A warden's court is a special court established to deal with disputes relating to mining and mineral tenements. It is presided over by a mining warden. Historically all Australian states had warden's courts, which were established in the late 19th century during the Australian gold rushes. However, in several states the position of mining warden has been abolished or had its powers reduced.

==New South Wales==
The warden's courts of New South Wales were courts established to deal with issues and disputes concerning mining claims under the Mining Act 1992 (NSW). Matters are now heard before the Land and Environment Court of New South Wales.

===History===
Mining has had a long history in the state, dating to the late 1800s. In 1874, the colonial government provided for the establishment of wardens courts to regulate and adjudicate upon various matters and disputes that commonly occur concerning mining. The Governor of New South Wales could also appoint mining wardens. Generally, these were local justices of the peace or sergeants of police. Those courts have continued to the present day, via the Land and Environment Court.

===Composition===
The Governor could have appointed a chief warden, usually called the chief mining warden. The governor could also have appointed other wardens, usually called mining wardens. A warden or chief warden must be magistrates of the Local Court of New South Wales. When sitting, wardens sit alone without a jury.

===Jurisdiction===
The Wardens Court could have determined disputes between miners, such as boundaries of claims, disputes between landowners and miners, or claims for compensation.
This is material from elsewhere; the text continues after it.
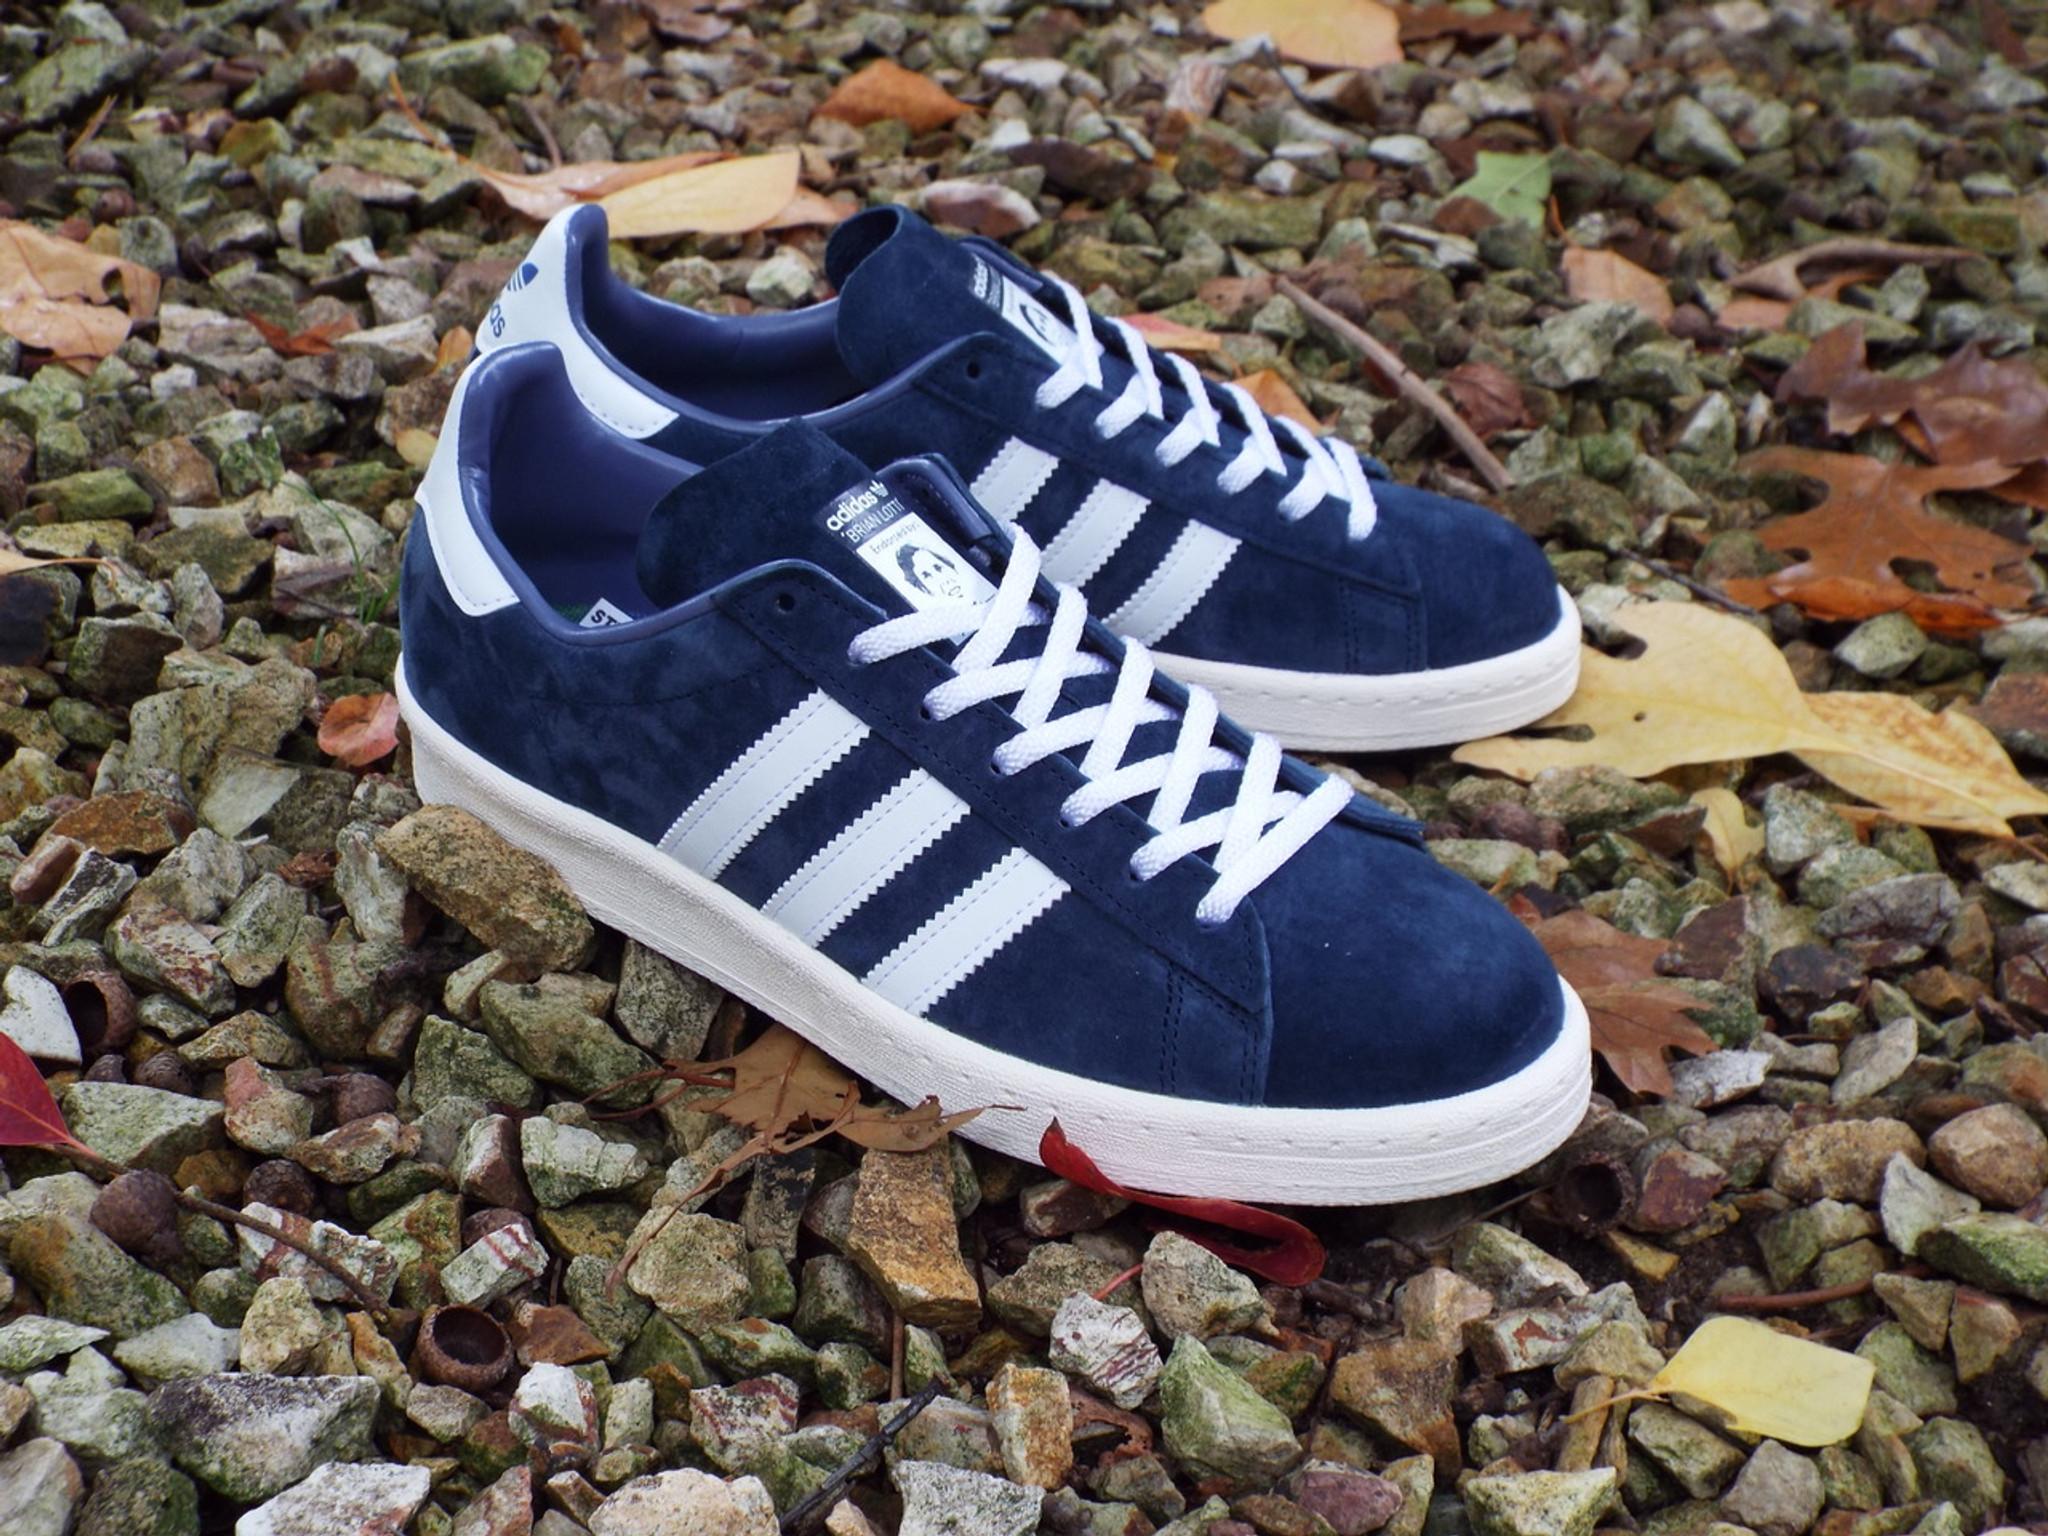 sélection premium b1a05 efaa2 Adidas Campus 80s RYR (Brian Lotti) Shoes - Collegiate Navy/White
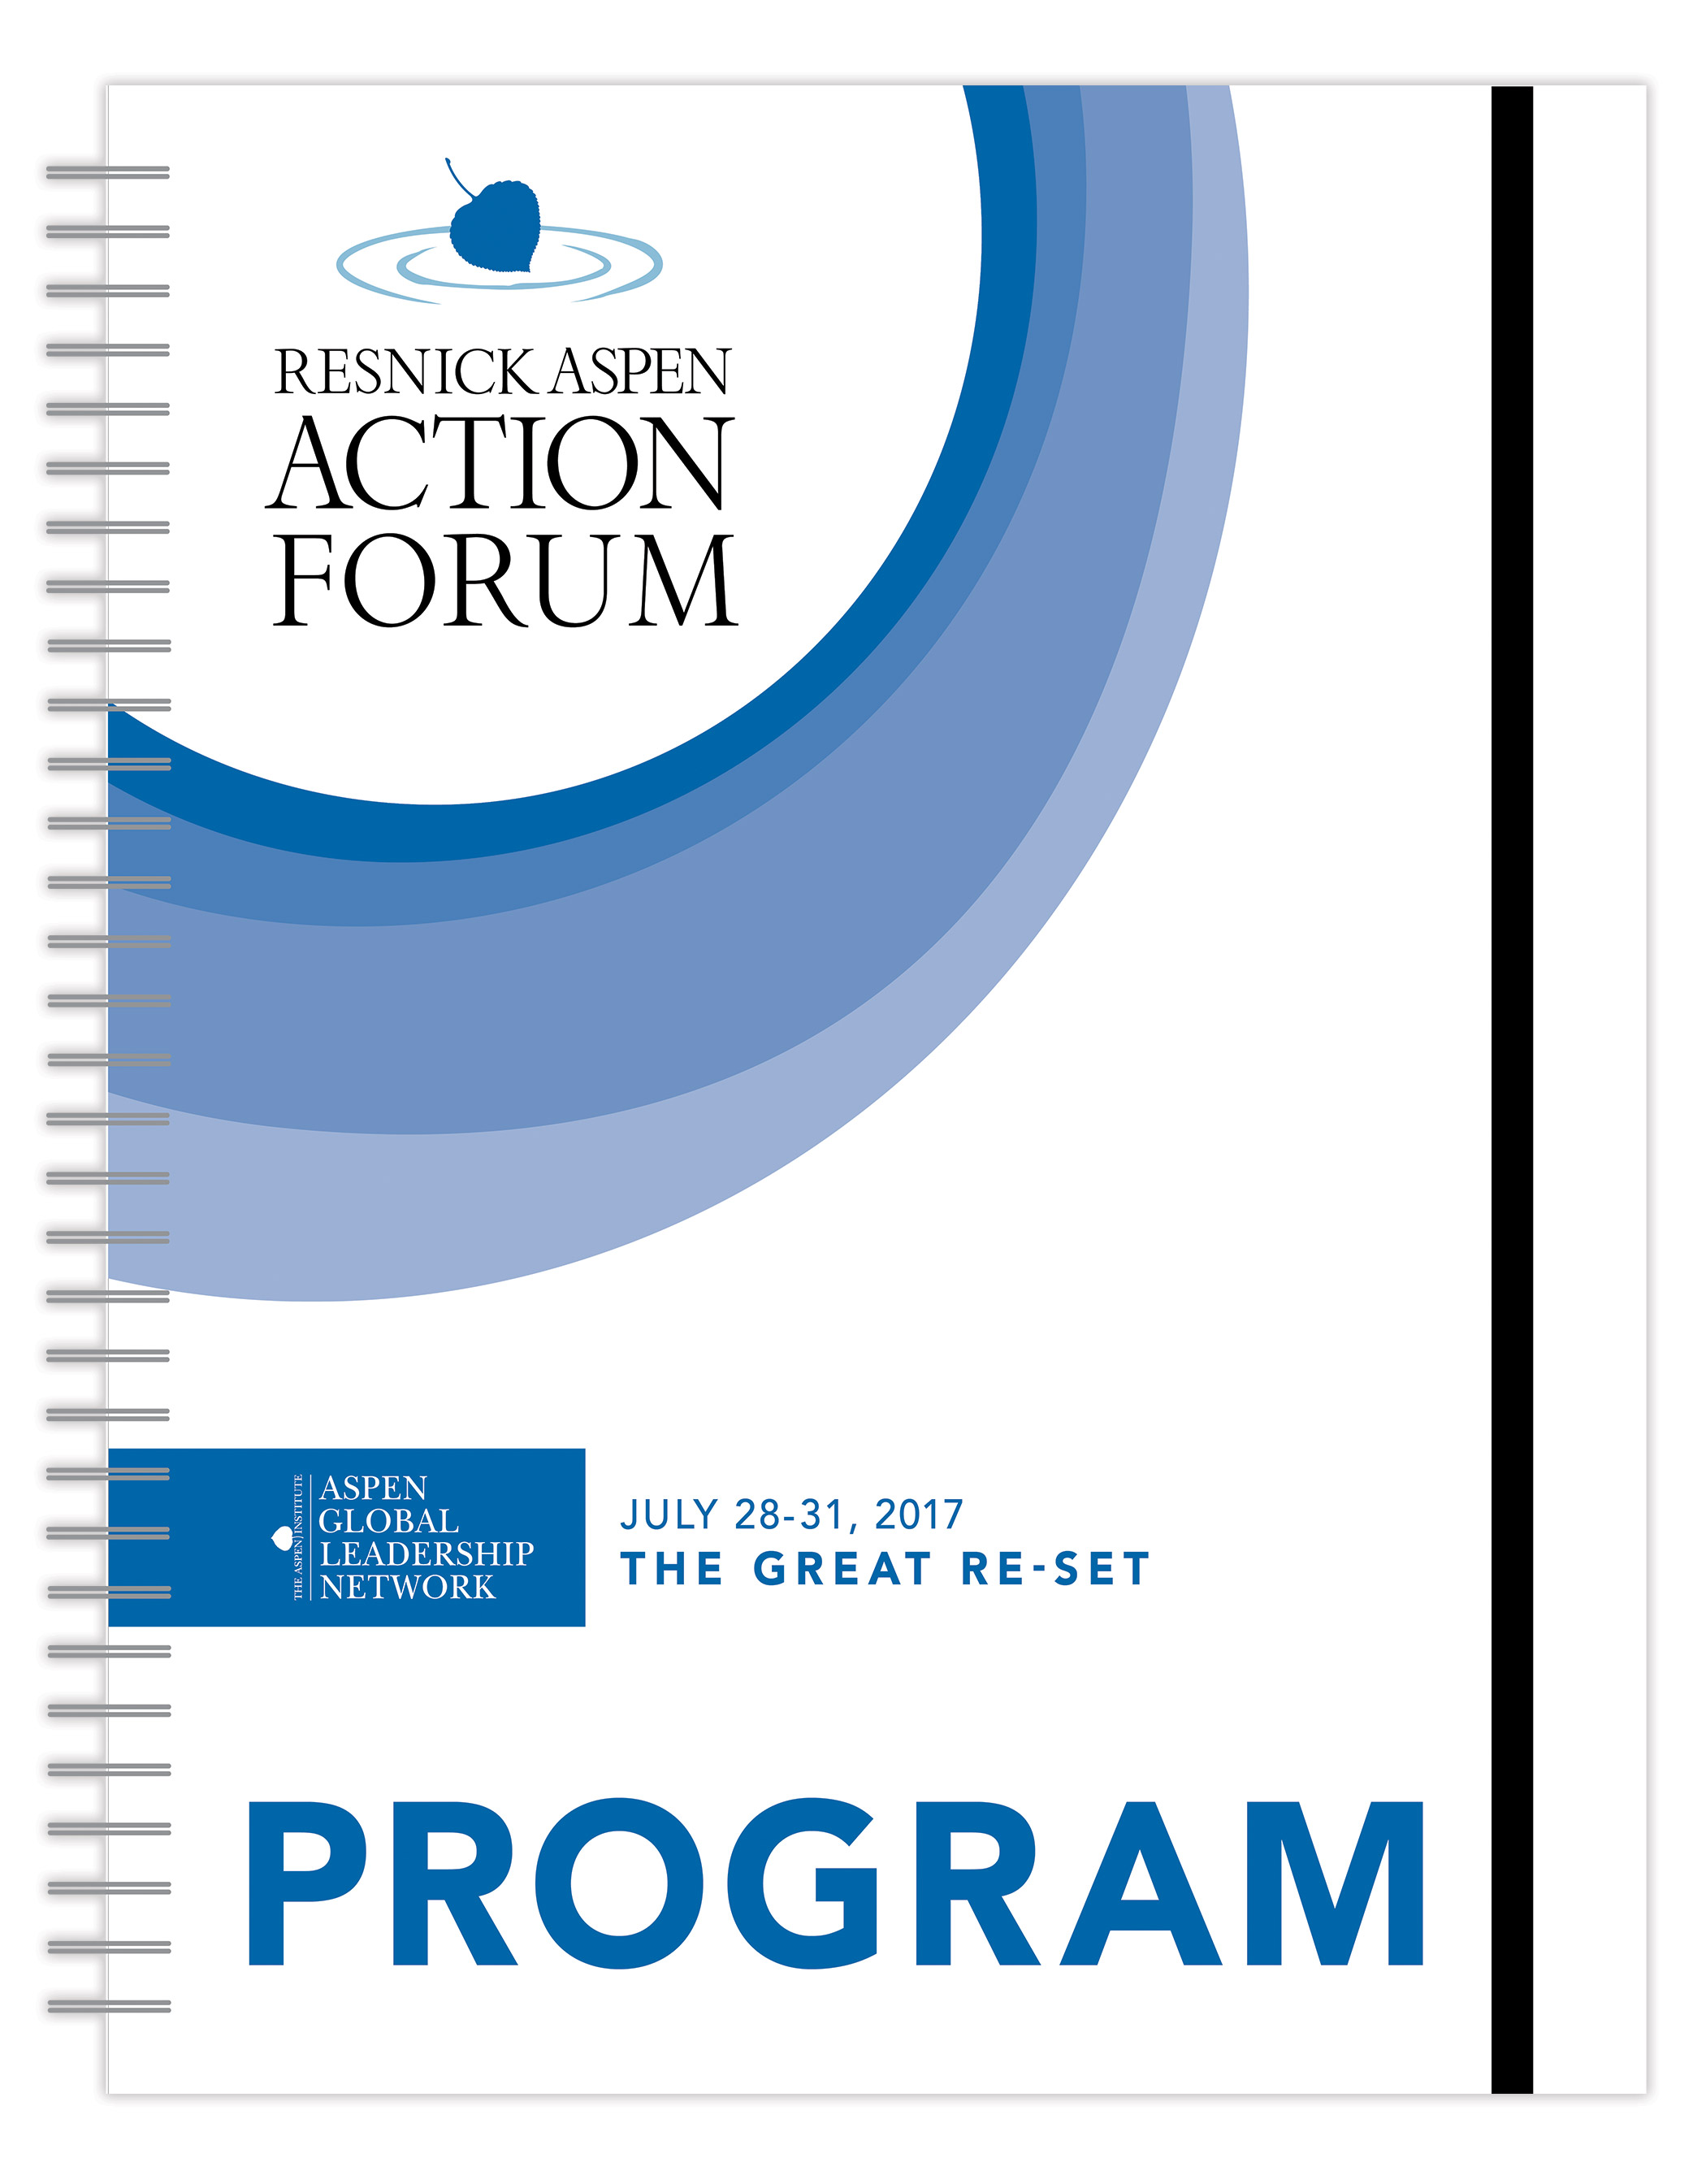 Resnick Aspen Action Forum Event Program Cover | Nonprofit Event Program Design by The Qurious Effect.

The Minister for Mineral Resources may direct an inquiry into any matter arising under the various mining laws. At the conclusion of the inquiry, the warden was required to prepare a written report for the Minister with any recommendations made.

In some case, the court acted as an appellate court to review determinations made by mining arbitrators. Generally the decision of the court is final and there are no further appeals allowed. The court could also review decisions of the mining registrars, such as where a mineral claim has been cancelled.

==Queensland==
Warden's courts existed in Queensland from 1874 to 2001. They were originally established under the Gold Fields Act 1874 and restricted to goldfields; other minerals had similar courts presided over by "mineral lands commissioners". The Mining Act 1898 merged the two offices under the title mining warden. The warden's courts had "jurisdiction to hear and determine all actions, suits and proceedings relating to prospecting, exploration or mining or to any permit, claim, licence or lease granted under any Act relating to mining". Decisions could be appealed to the Supreme Court of Queensland. The warden's courts also had similar duties to coroners in relation to deaths occurring on minesites.

The Mineral Resources Act 1989 established a centralised Mining Wardens Court as a court of record, with regional offices under the supervision of mining registrars. However, the Land and Resources Tribunal Act 1999 abolished the Mining Wardens Court with effect from 2001 and transferred its jurisdiction to the Land and Resources Tribunal.

==Western Australia==
In Western Australia, the Warden's Court is constituted under the Mining Act 1978 and has jurisdiction throughout the state. Any person holding office as a stipendiary magistrate may be appointed as a mining warden and preside over a court sitting.